**REQUIRED WORK**
The answer must give back every line of the data exactly, with no pictures.

**RECORDED DATA**
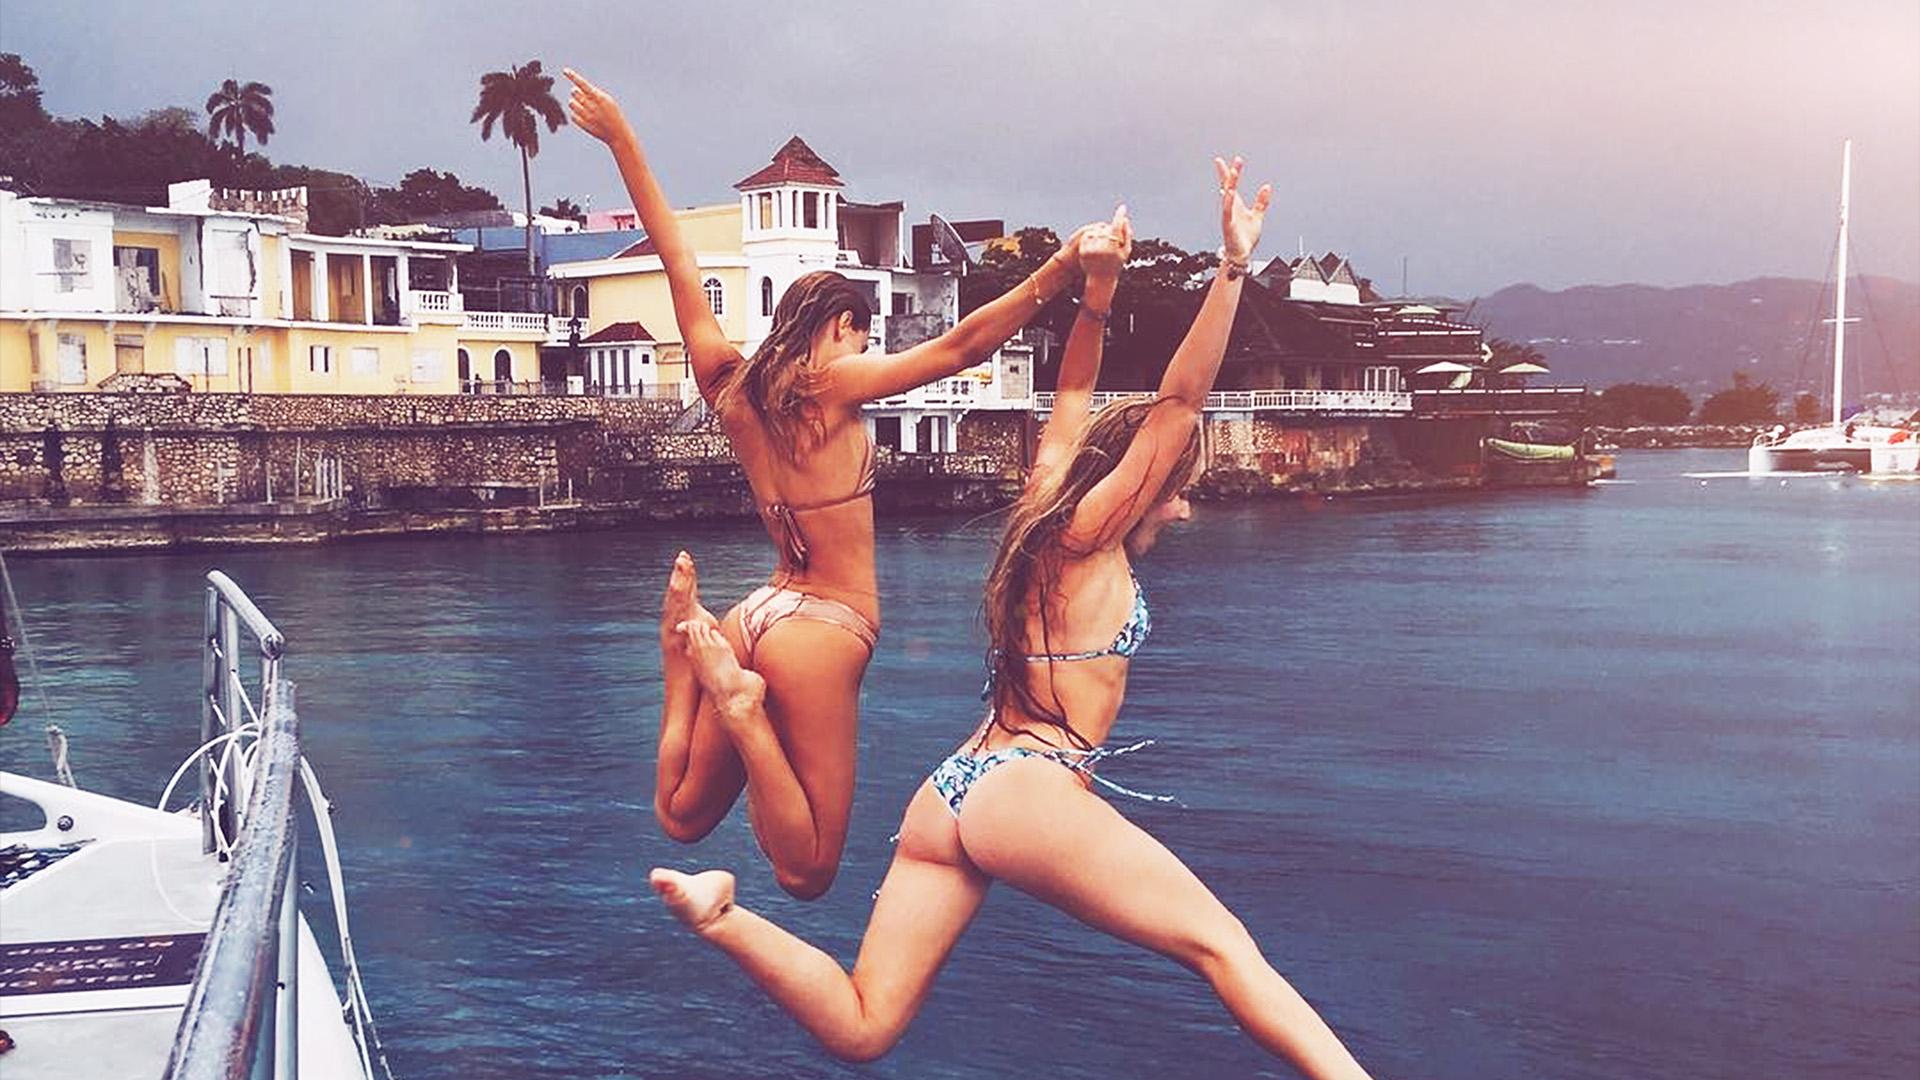 Ho88 Girl Bikini Sexy Dive Summer Water Wallpaper
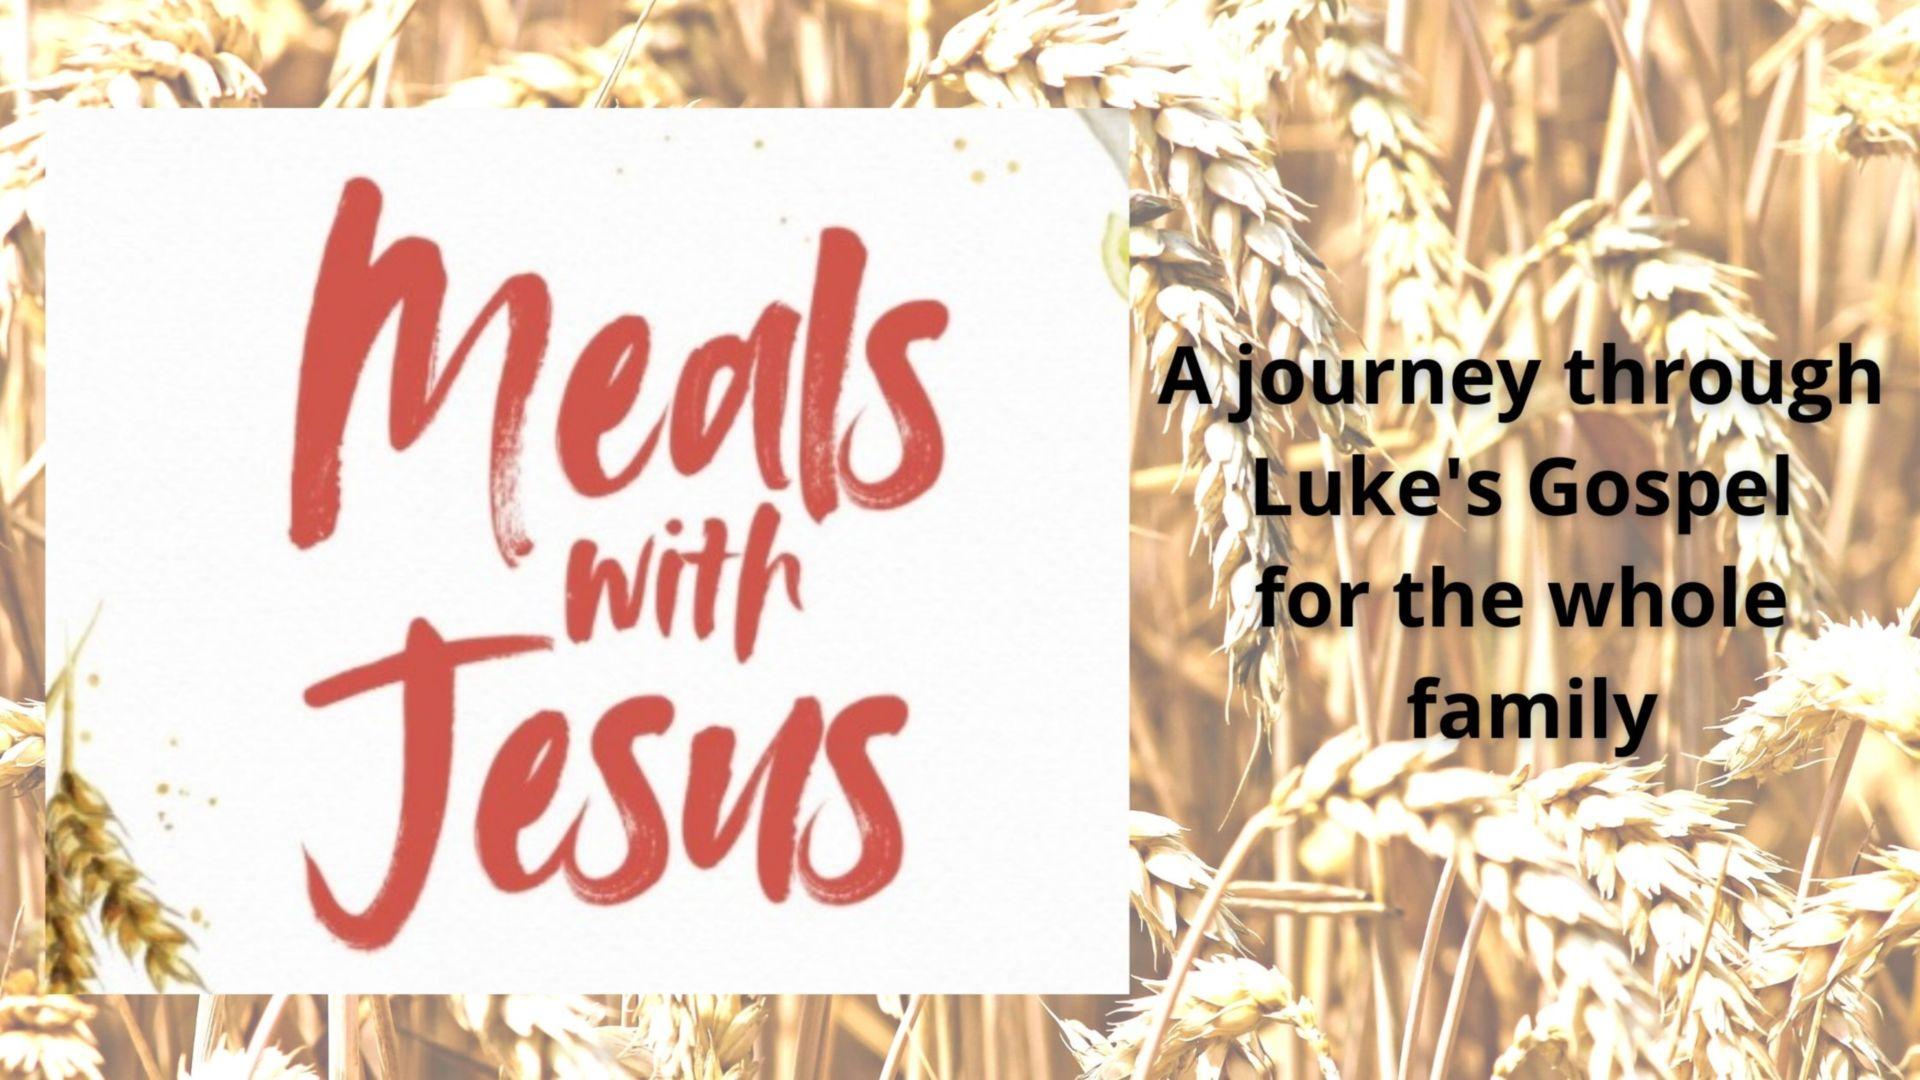 Meals with Jesus - A Family Devotional by Ed Drew
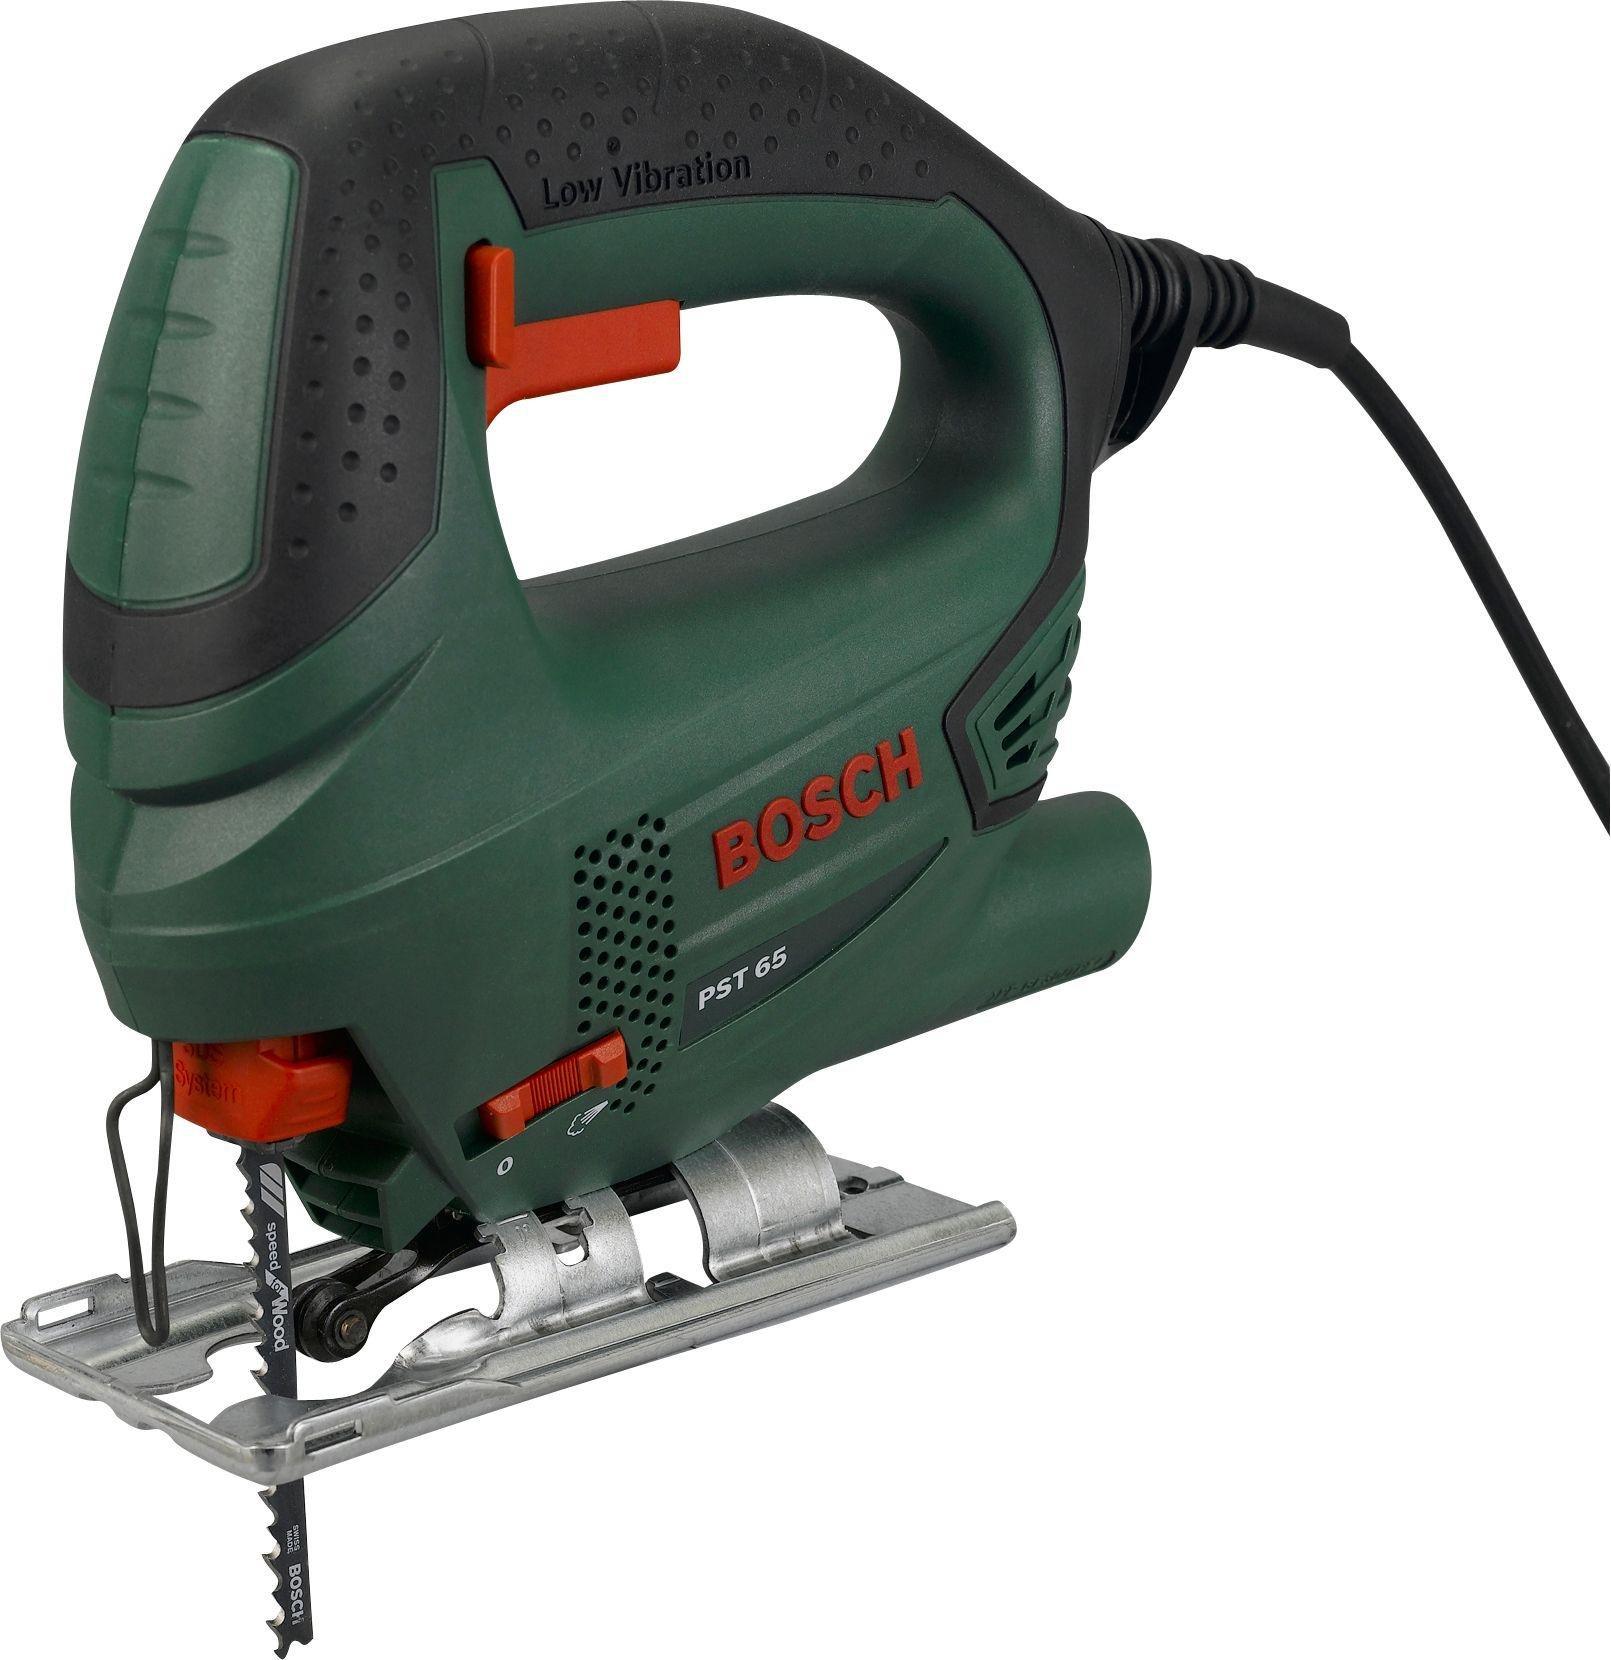 jig saw tool. play video jig saw tool
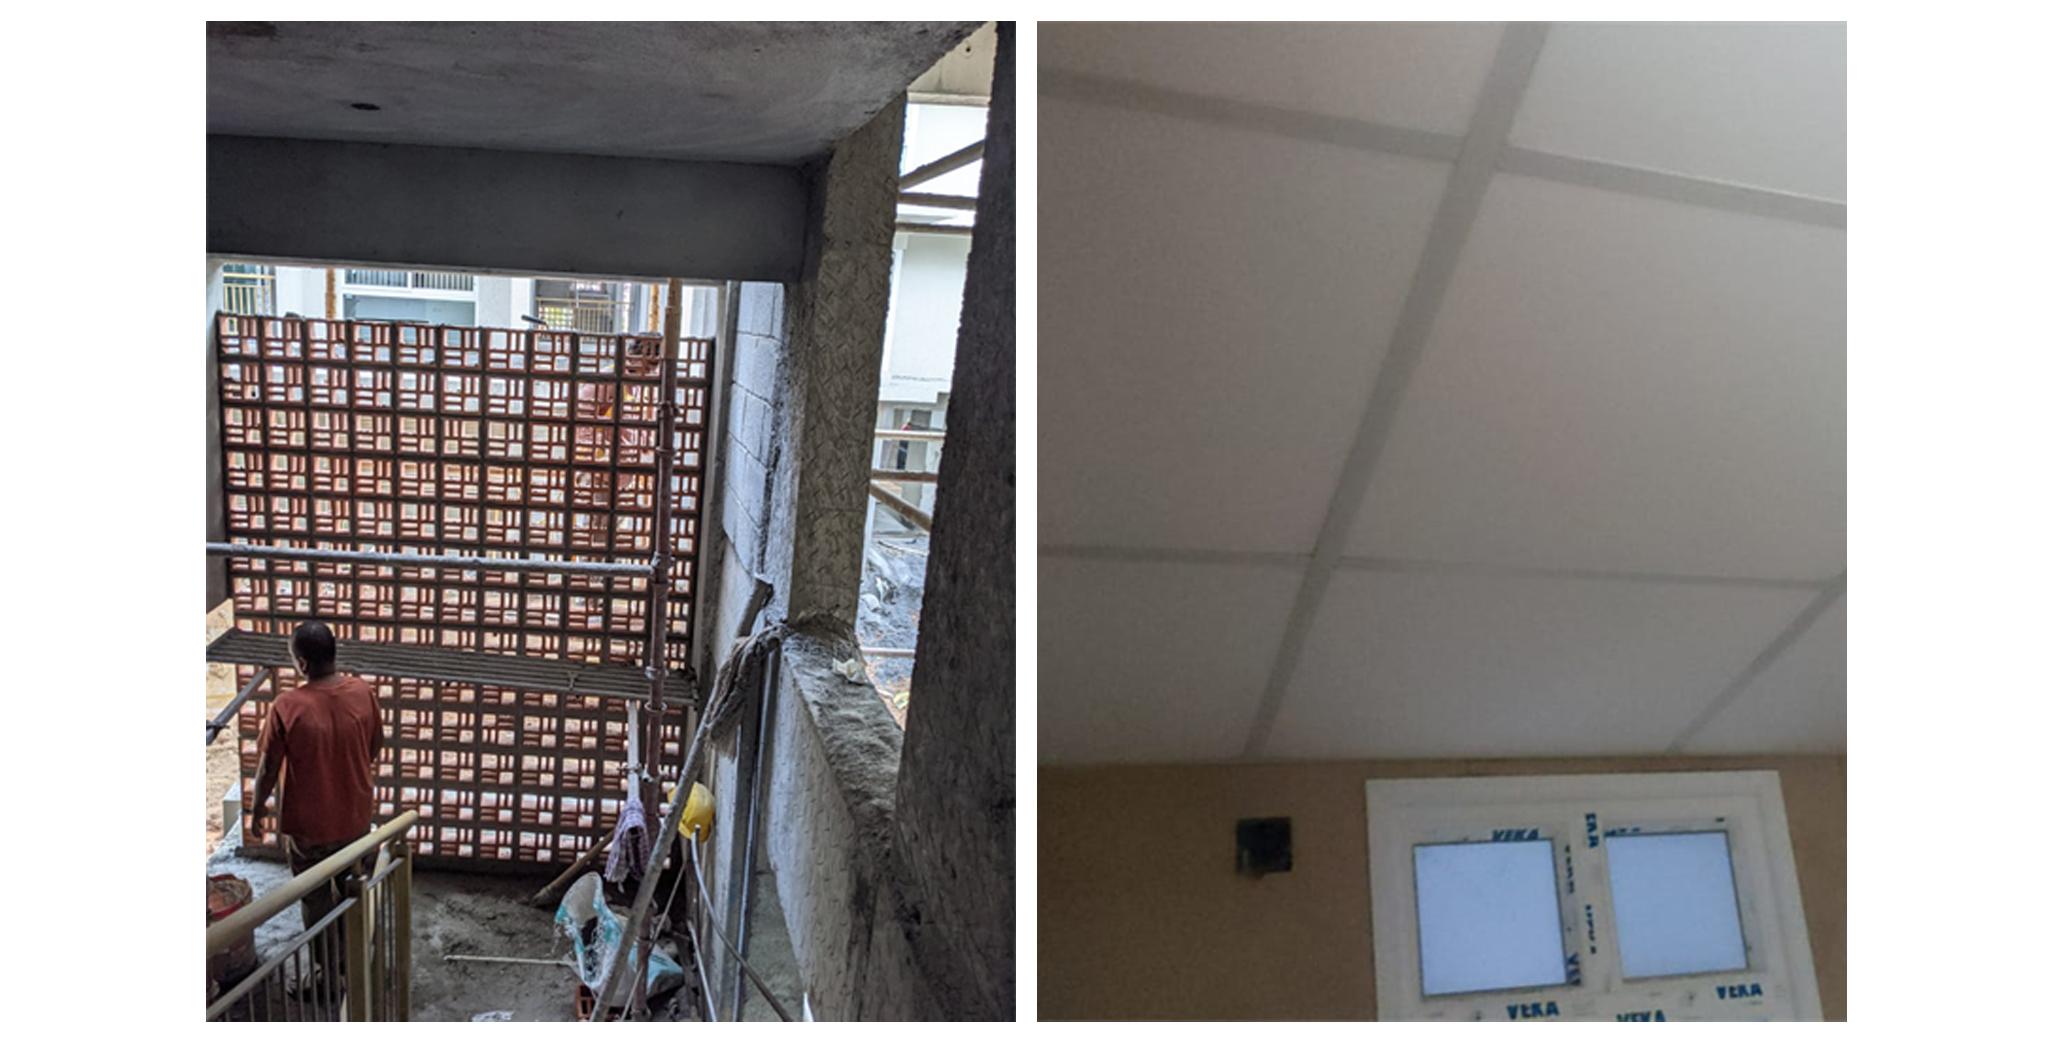 Aug 2021 - R Block: Staircase Jally work in progress. Toilet false ceiling work in progress.

**SOLUTION TO THE EXERCISE**
 Ho88 Girl Bikini Sexy Dive Summer Water Wallpaper
 Meals with Jesus - A Family Devotional by Ed Drew
 jig saw tool. play video jig saw tool
 Aug 2021 - R Block: Staircase Jally work in progress. Toilet false ceiling work in progress.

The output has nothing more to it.